To understand the problem behind this, we do need to have a look at the industry and standards out there.
According to different sources (Gartner, et all) there are roughly 270 million smartphone devices and 19 million tablet computers in the hands of users at the moment. With tablets being the fastest growing cosumer electronic category of all times. Especially the iPad became the most quickly adopted electronic device ever. According to different sources, the number of mobile devices shipped every year will grow at rates close to 20 percent. There are roughly six different vendors with offerings for smartphones or tablet devices which both count as mobiles in my definition. The most prominent ones are of course Apple, RIM and Nokia.
Why should I care?
Mobile computing is a trend in the enterprise. Forrester predicts, that 2/3 of the employees will require mobility support until 2012. For IDC it is clear that more than 35 percent of the workforce will be done using mobile technologies in 2013. All this are enormous numbers that do point into one direction. Mobile computing will hit your desk or even development environment sometimes in the near future. You better should be prepared for that.
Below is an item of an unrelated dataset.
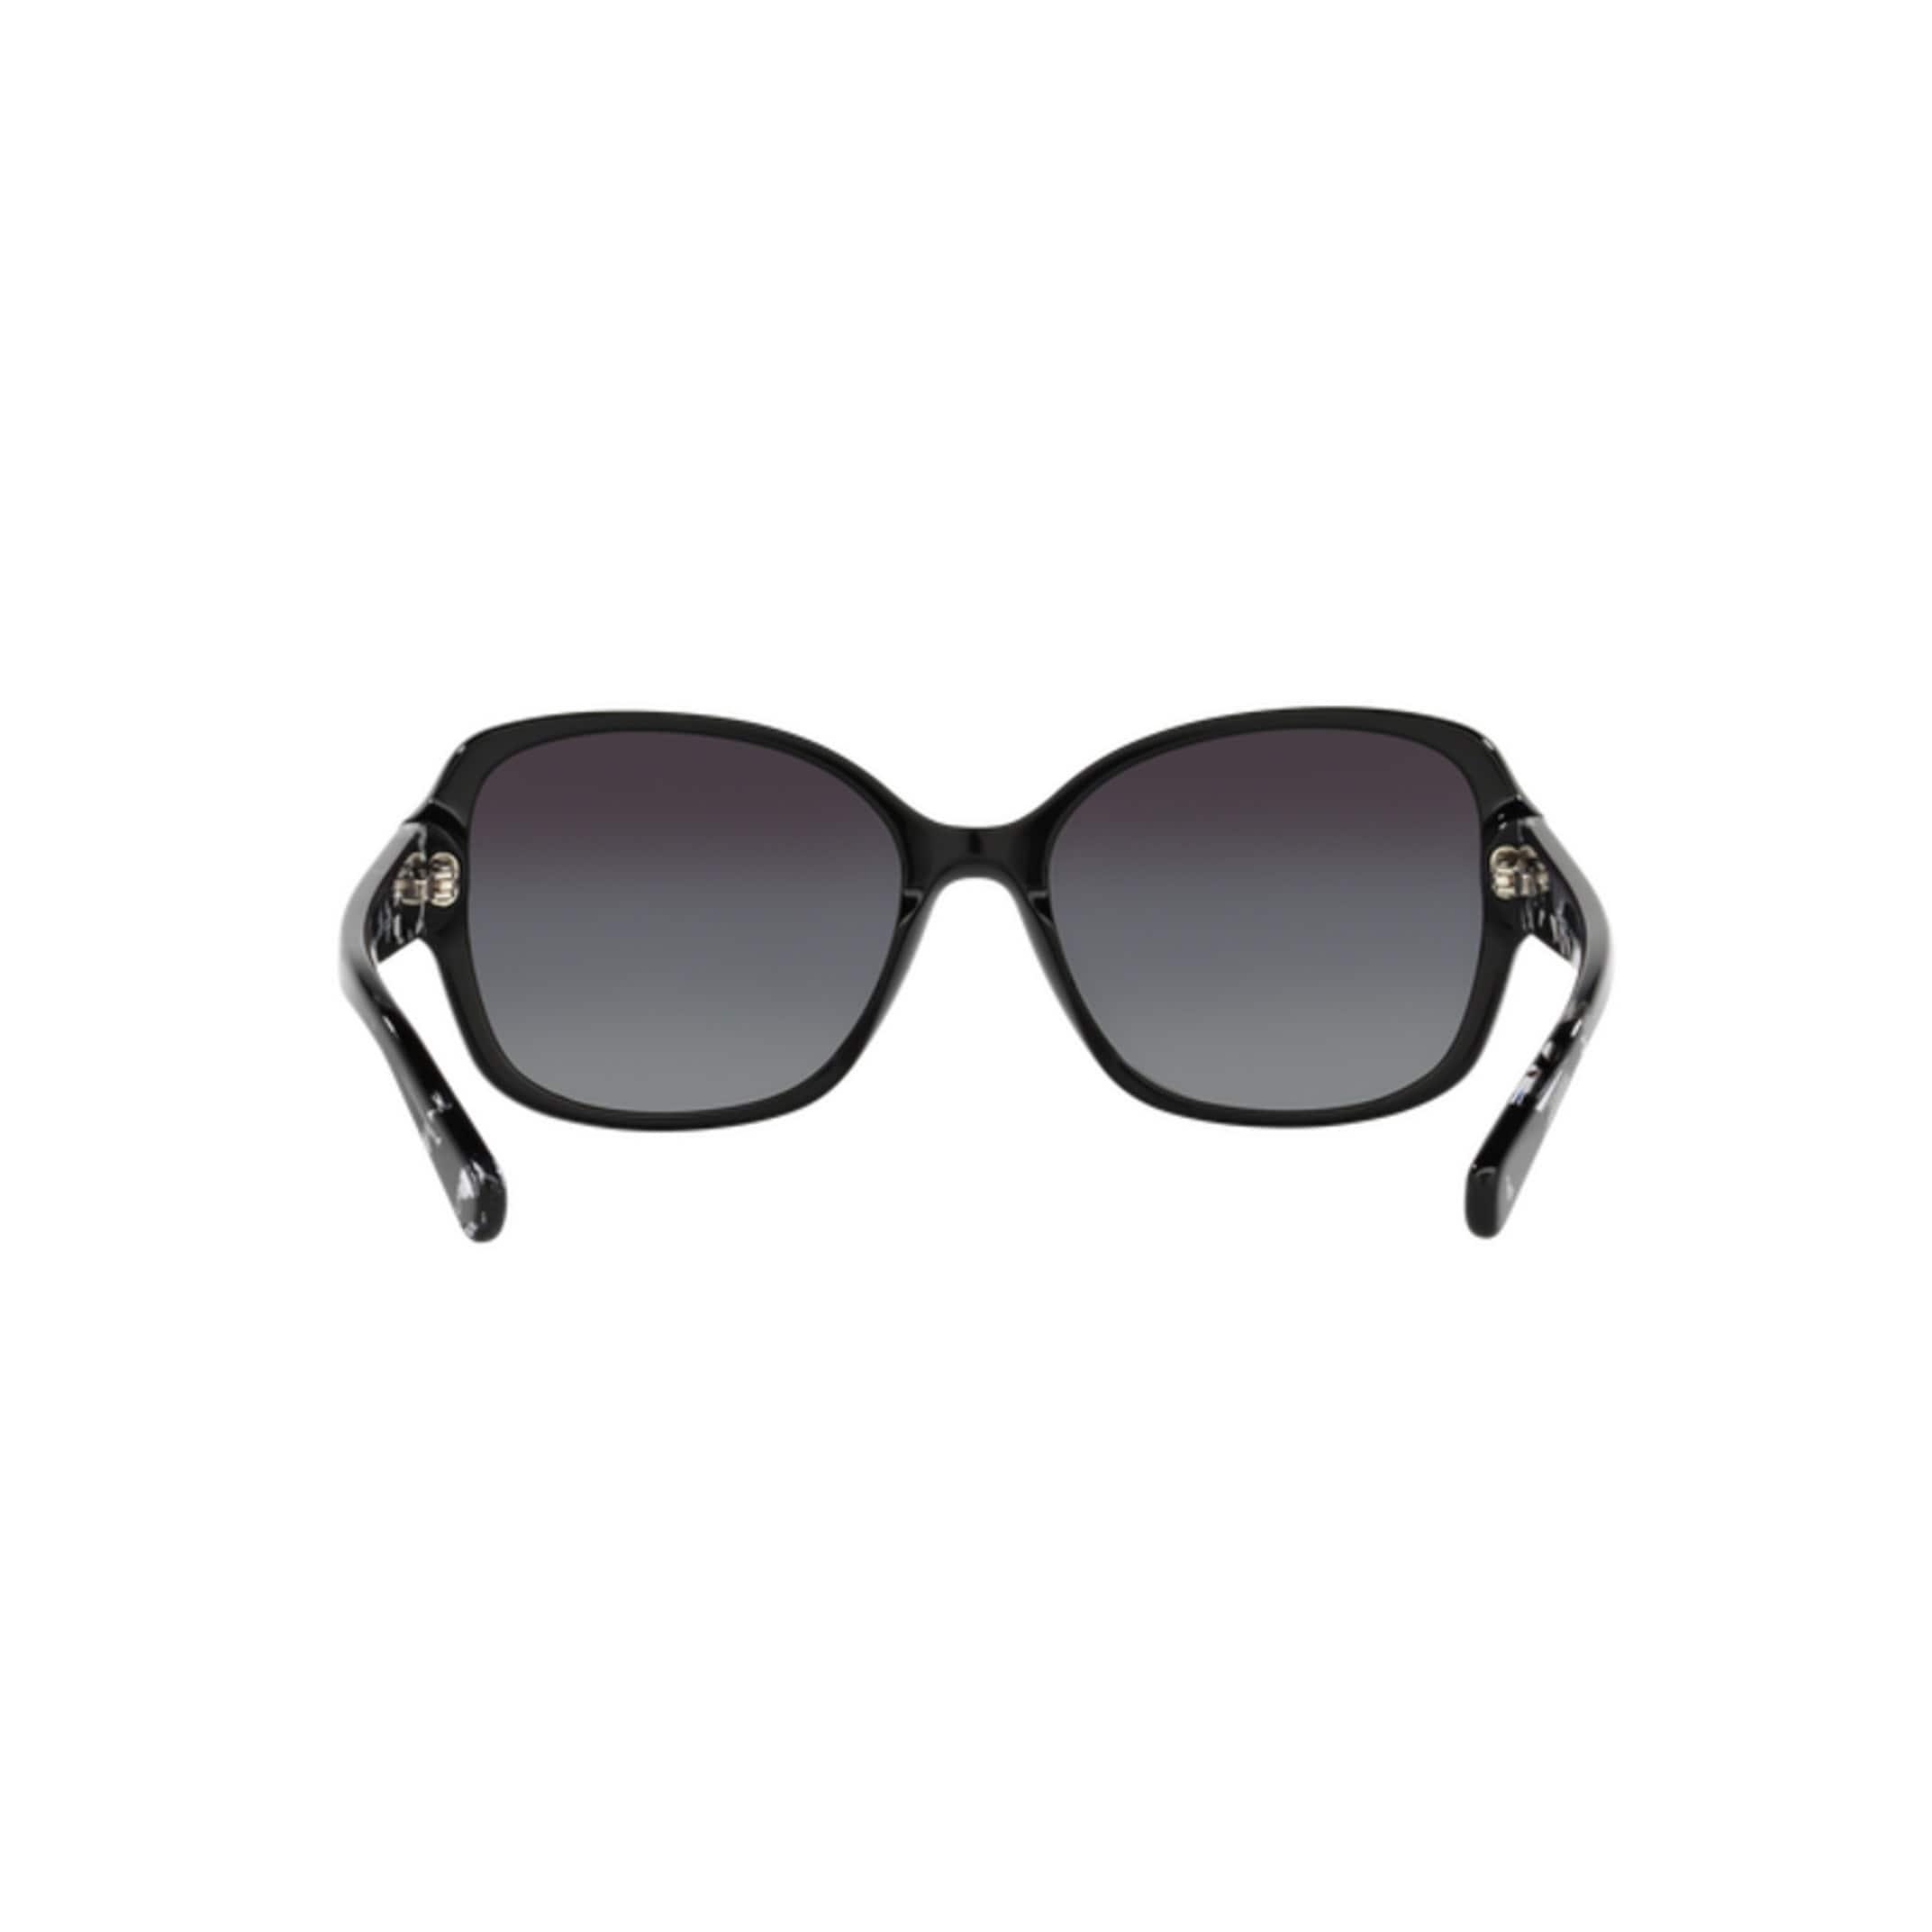 62e18caf8e italy coach hc8166 sunglasses flash preview 5eb2e fa50a  czech shop coach  hc8166f 534811 black black crystal mosaic womens plastic butterfly  sunglasses free ...

Which technologies are there?
Six major vendors are a valid size in the industry. But if we look at the used technologies you quickly notice, that they are all cooking their own soup. Android and BlackBerry rely on Java (Eclipse) with additional device APIs. iOS has it's own Objective-C based programming and tooling environment. Windows Phone 7 relays on .NET and C#, Symbian uses Qt and C++. All (except one) OS are equipped with a modern browser based on an HTML 5 capable rendering engine. Windows Phone 7 however will probably still contain an older version of Microsoft's Internet Explorer and therefore will not be able to take advantage from the next generation web standard. All but one OS actually can or will be able to run Flash / AIR applications.
HTML 5 and Flash/AIR are the solution?
If you are looking at the table above and are searching for a "write once, run everywhere solution", you probably are looking for an HTML 5 or Flash/AIR app. BUT, both have their limitations. Using one of them does not give you access to the device specific APIs. So you will not be able to access contacts, phone, camera and many many more of the device specific features. If you need them and you need to support all the major OS in the mobile space, you probably end up writing different applications for different devices. If you are comfortable with the feature set you get from HTML 5 and Flash/AIR you probably have found your programming language of choice.
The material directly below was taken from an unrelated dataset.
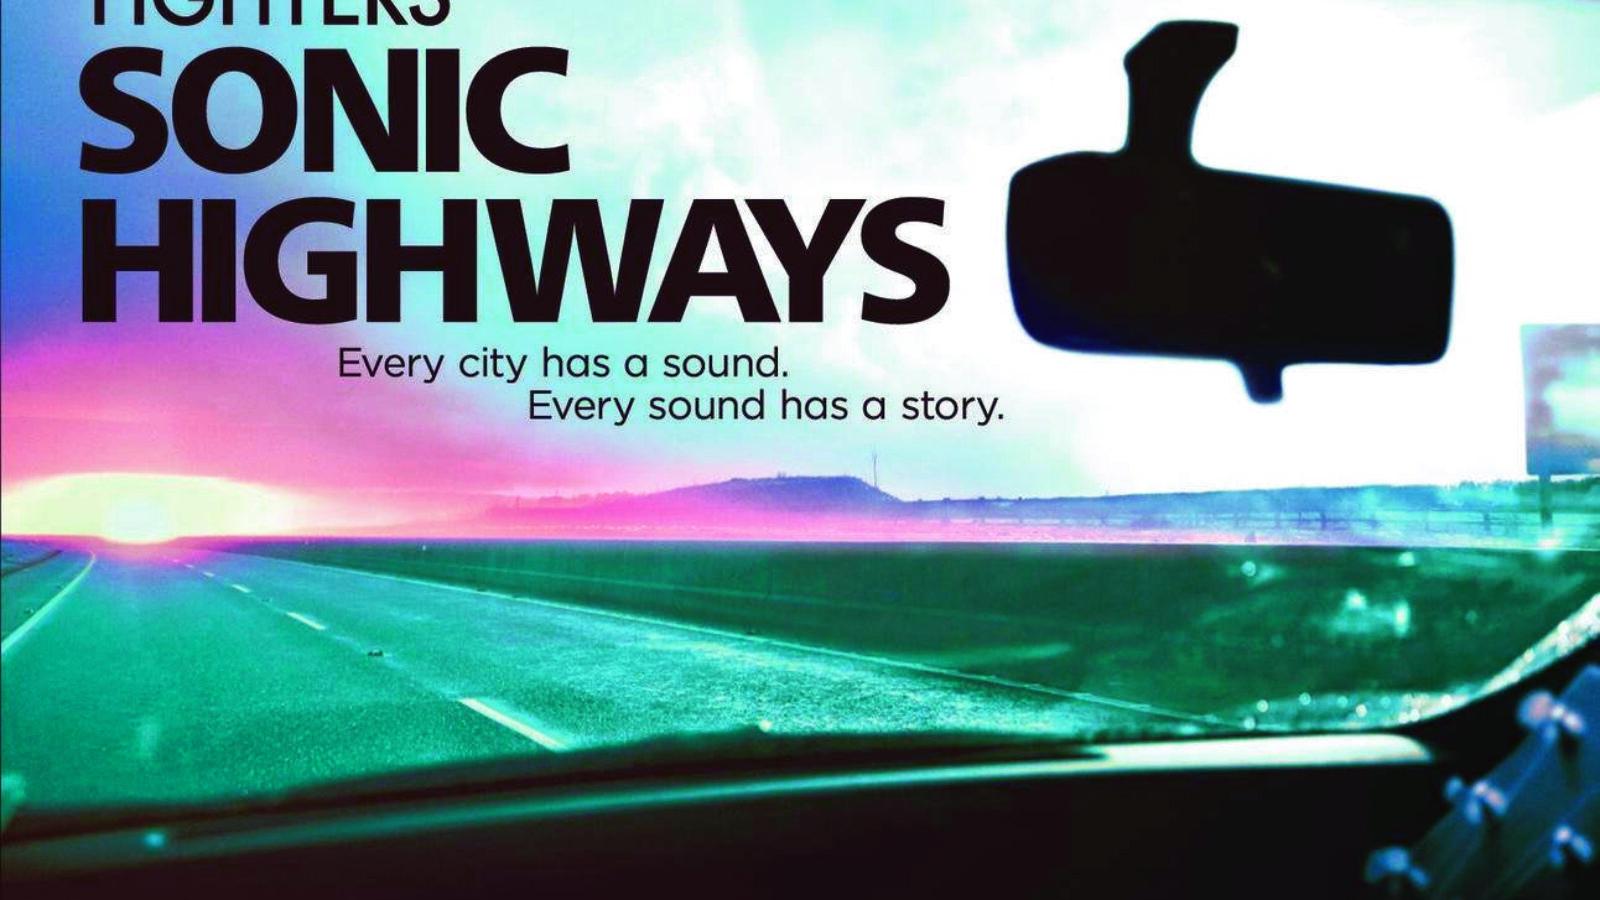 OXMOX Special-Tipp: FOO FIGHTERS – Sonic Highways (DVD, Blu-ray)

Native apps are the solution?
You are going to develop native applications if you are trying to be most efficient in terms of resource usage. This is true for battery, RAM and CPU. If you are trying to get the best out of your resources there is no other way than writing native apps. I already mentioned the integration with built in device features. If you are willing to write an email, contacts or whatever integration there is no other way than to provide a native app making use of all the device/OS specific features.
But to be honest, this are not the only decisions you have to make. There are many more things to look after if your are evaluating your approach to mobile development. Everything starts with technology but you also have to look at the distribution (e.g. Do you really want your app in iTunes?) at the development skills in your company, at the needed resources (Do all developers really need a mac ?) ....
As always, there is no single answer to this simple question. But I still hope, the little basics give a brief idea about where to look to make your decision.